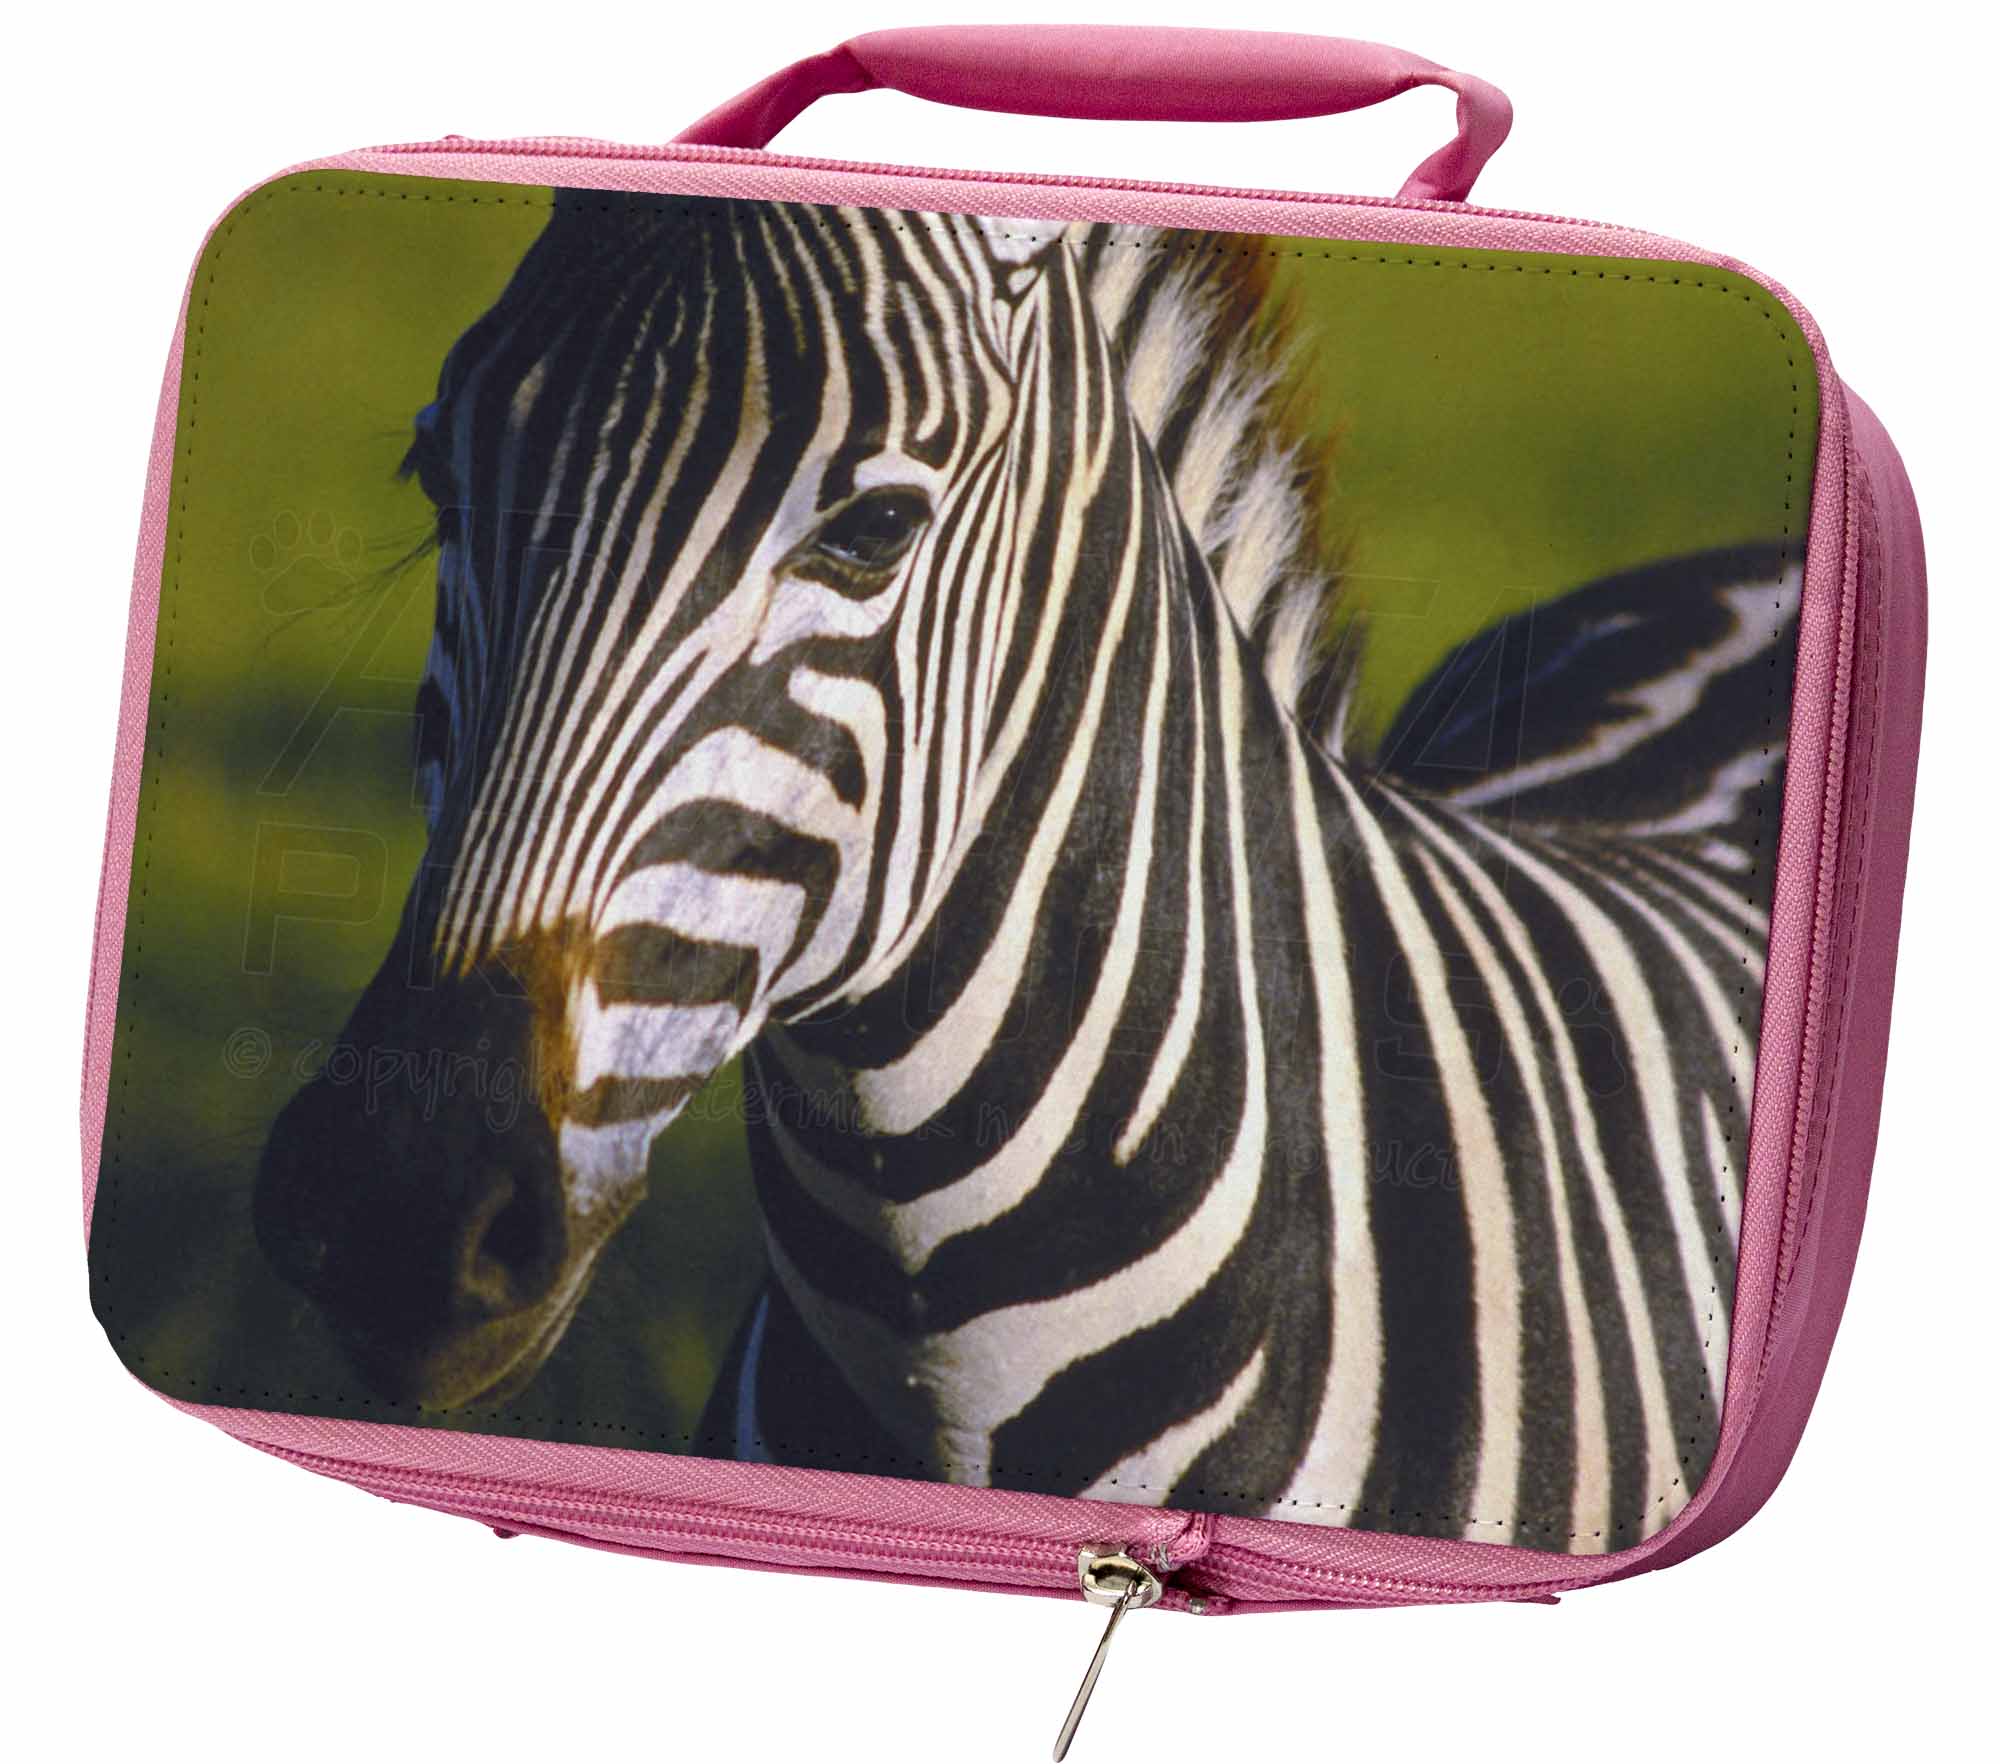 A Pretty Zebra Insulated Pink School Lunch Box Bag, AZ-2LBP | eBay
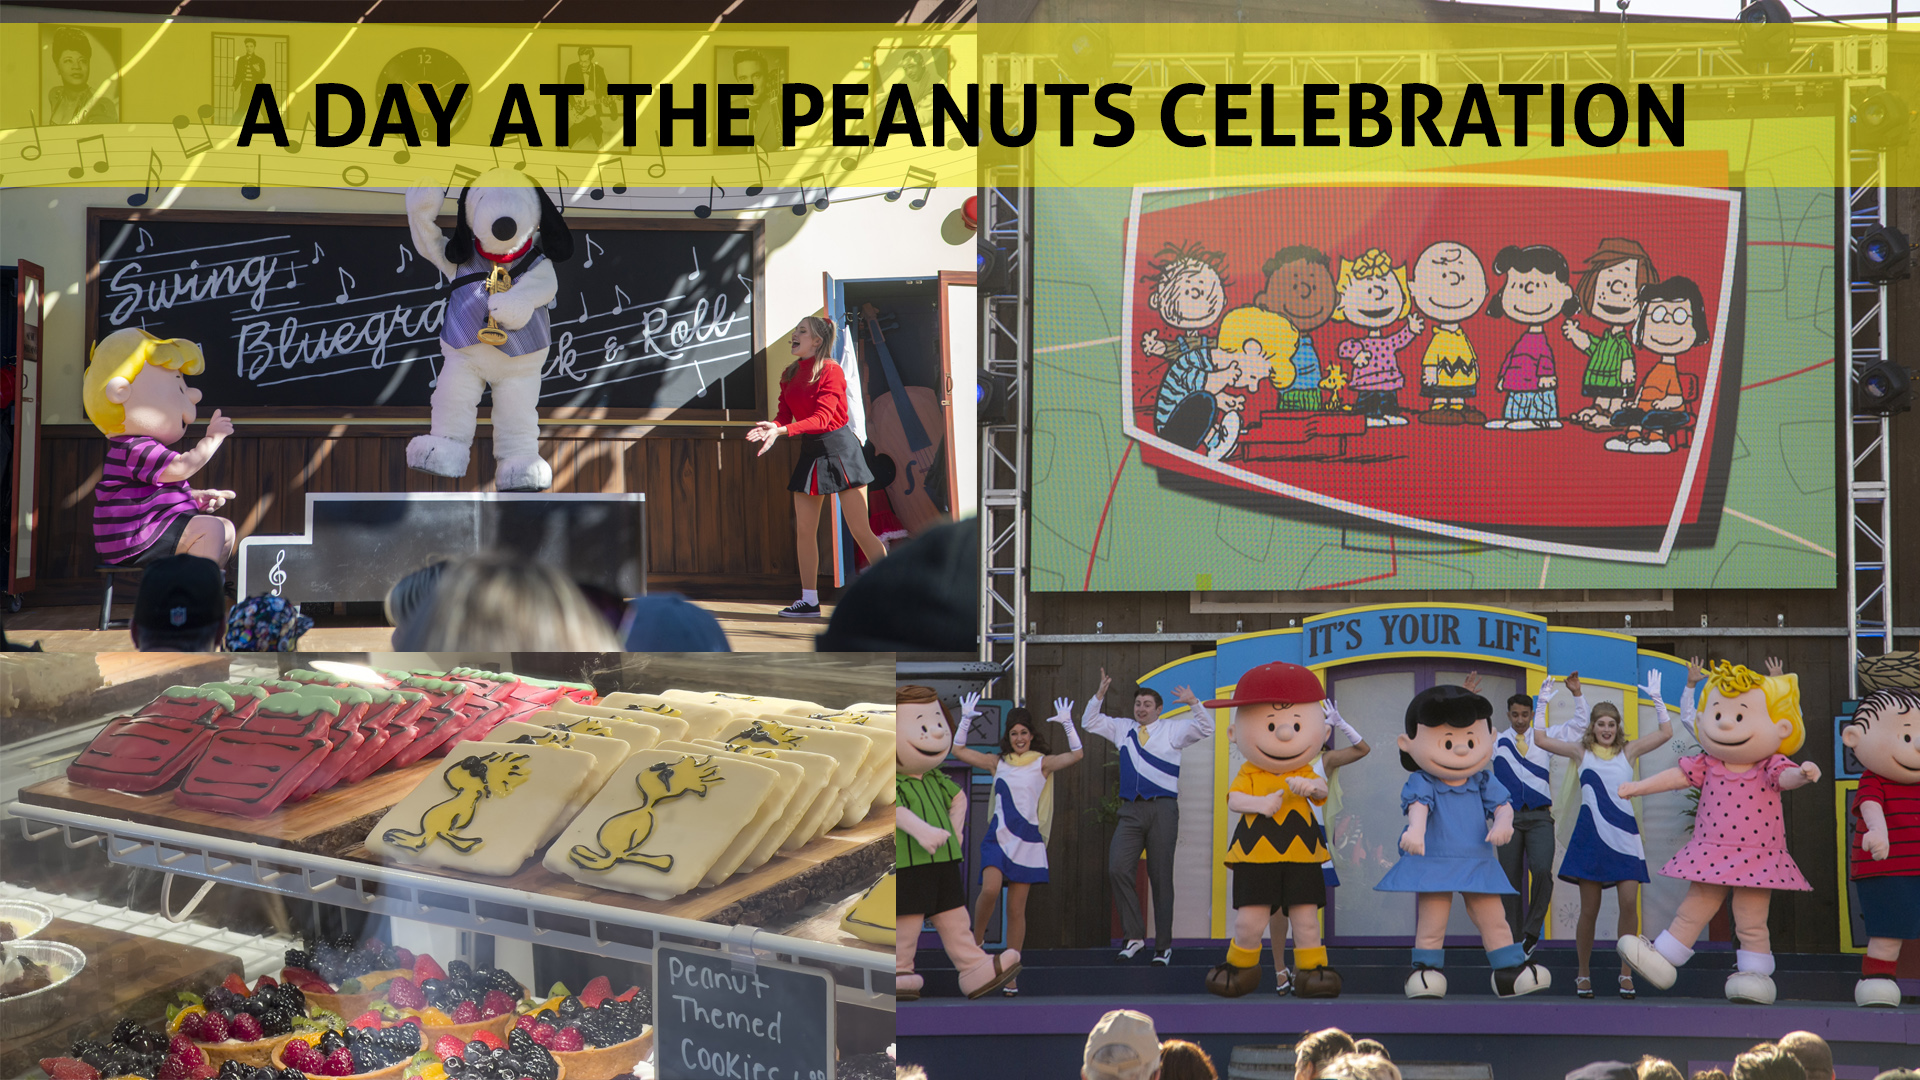 Knott’s Peanuts Celebration Brings the Party Back!
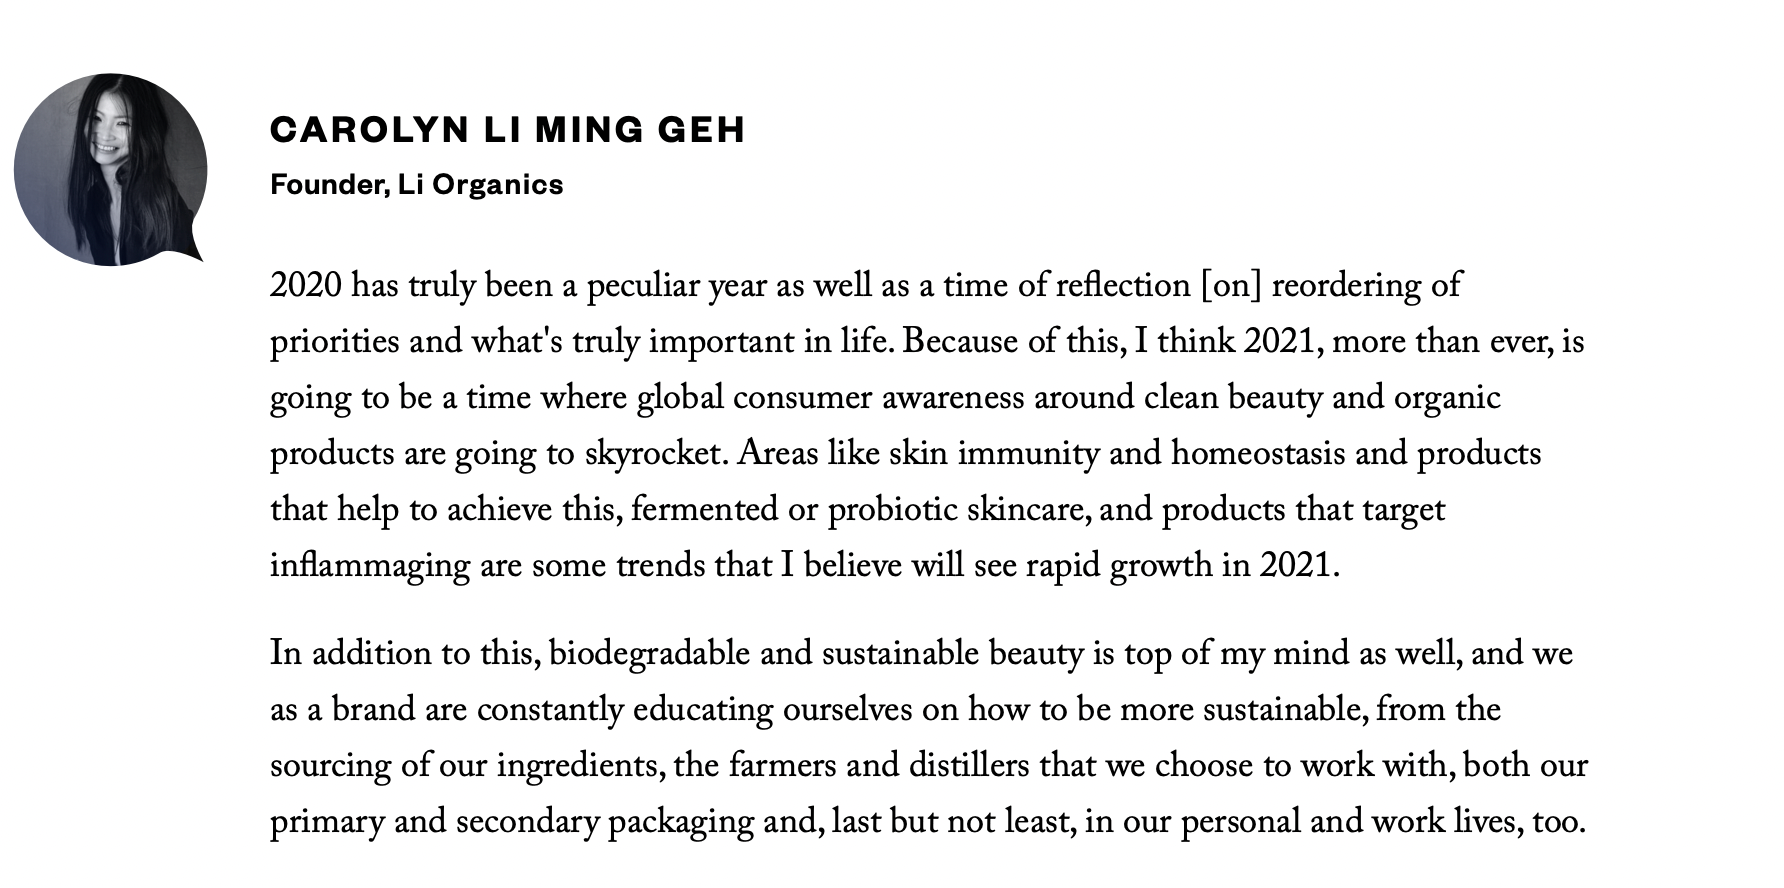 Carolyn Li Ming Geh Li organics founder. Her thoughts on skincare for 2021
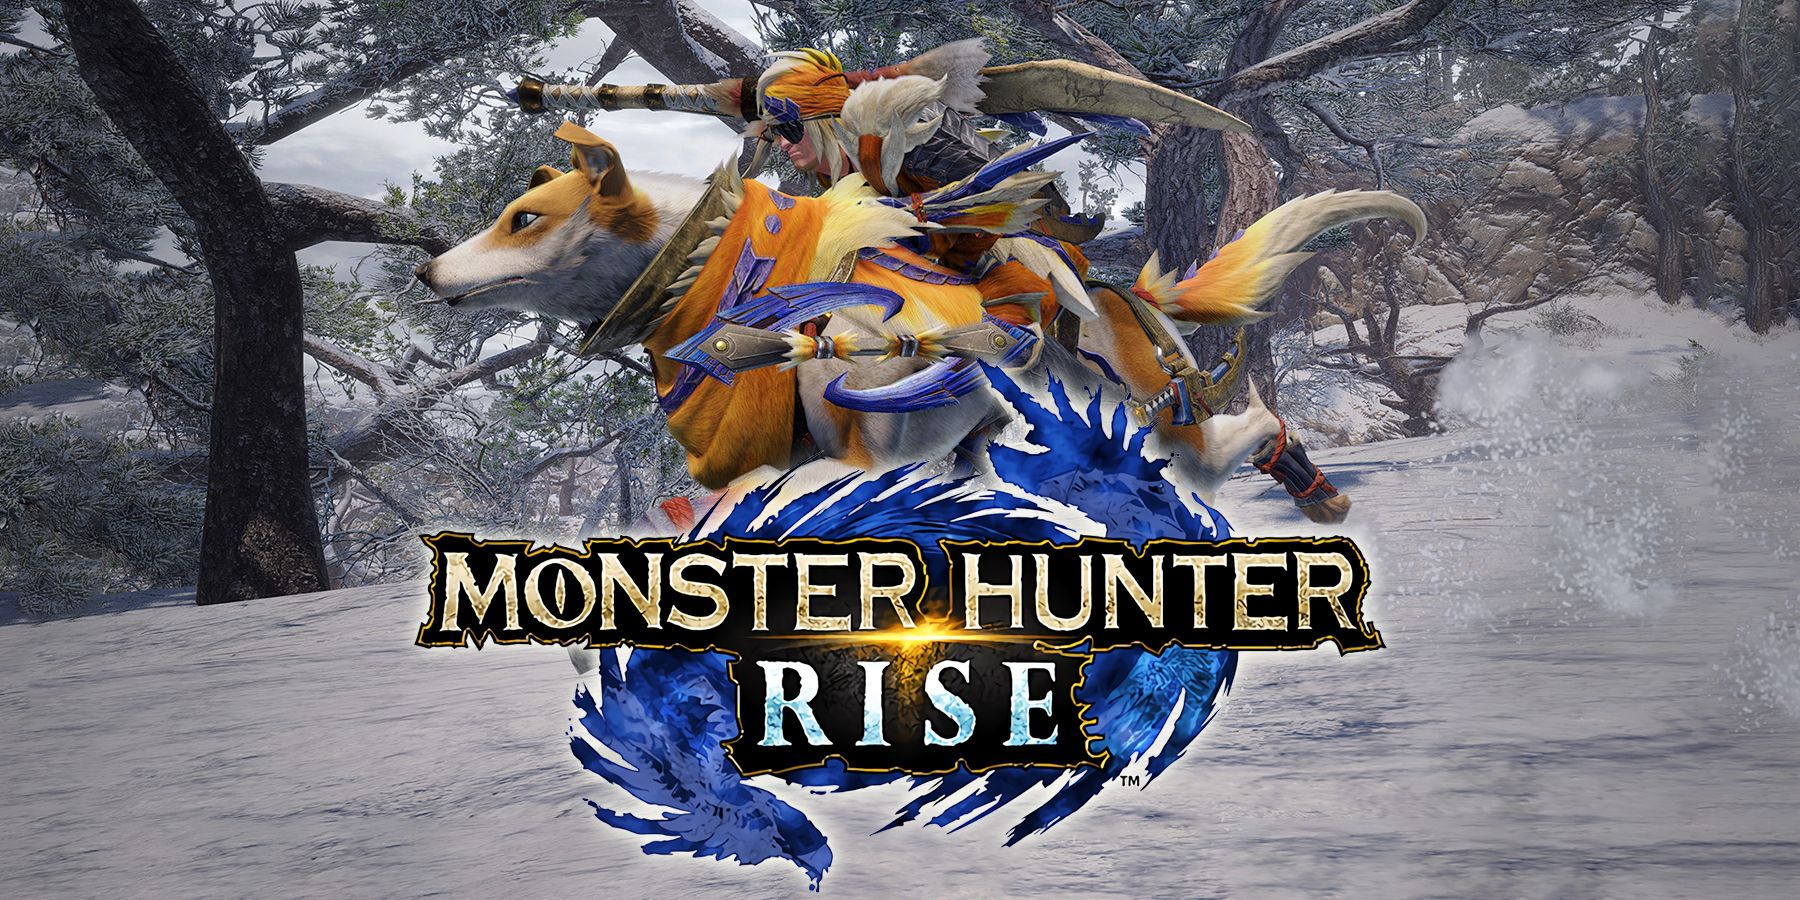 Monster Hunter Rise Steam winter rider promo screenshot with blue game logo
*-*-*
• WHAT THE TASK REQUIRES: Give the listing again word for word. Skip any pictures.

• OUTPUT FOR THIS TASK:
 A Pretty Zebra Insulated Pink School Lunch Box Bag, AZ-2LBP | eBay
 Knott’s Peanuts Celebration Brings the Party Back!
 Carolyn Li Ming Geh Li organics founder. Her thoughts on skincare for 2021
 Monster Hunter Rise Steam winter rider promo screenshot with blue game logo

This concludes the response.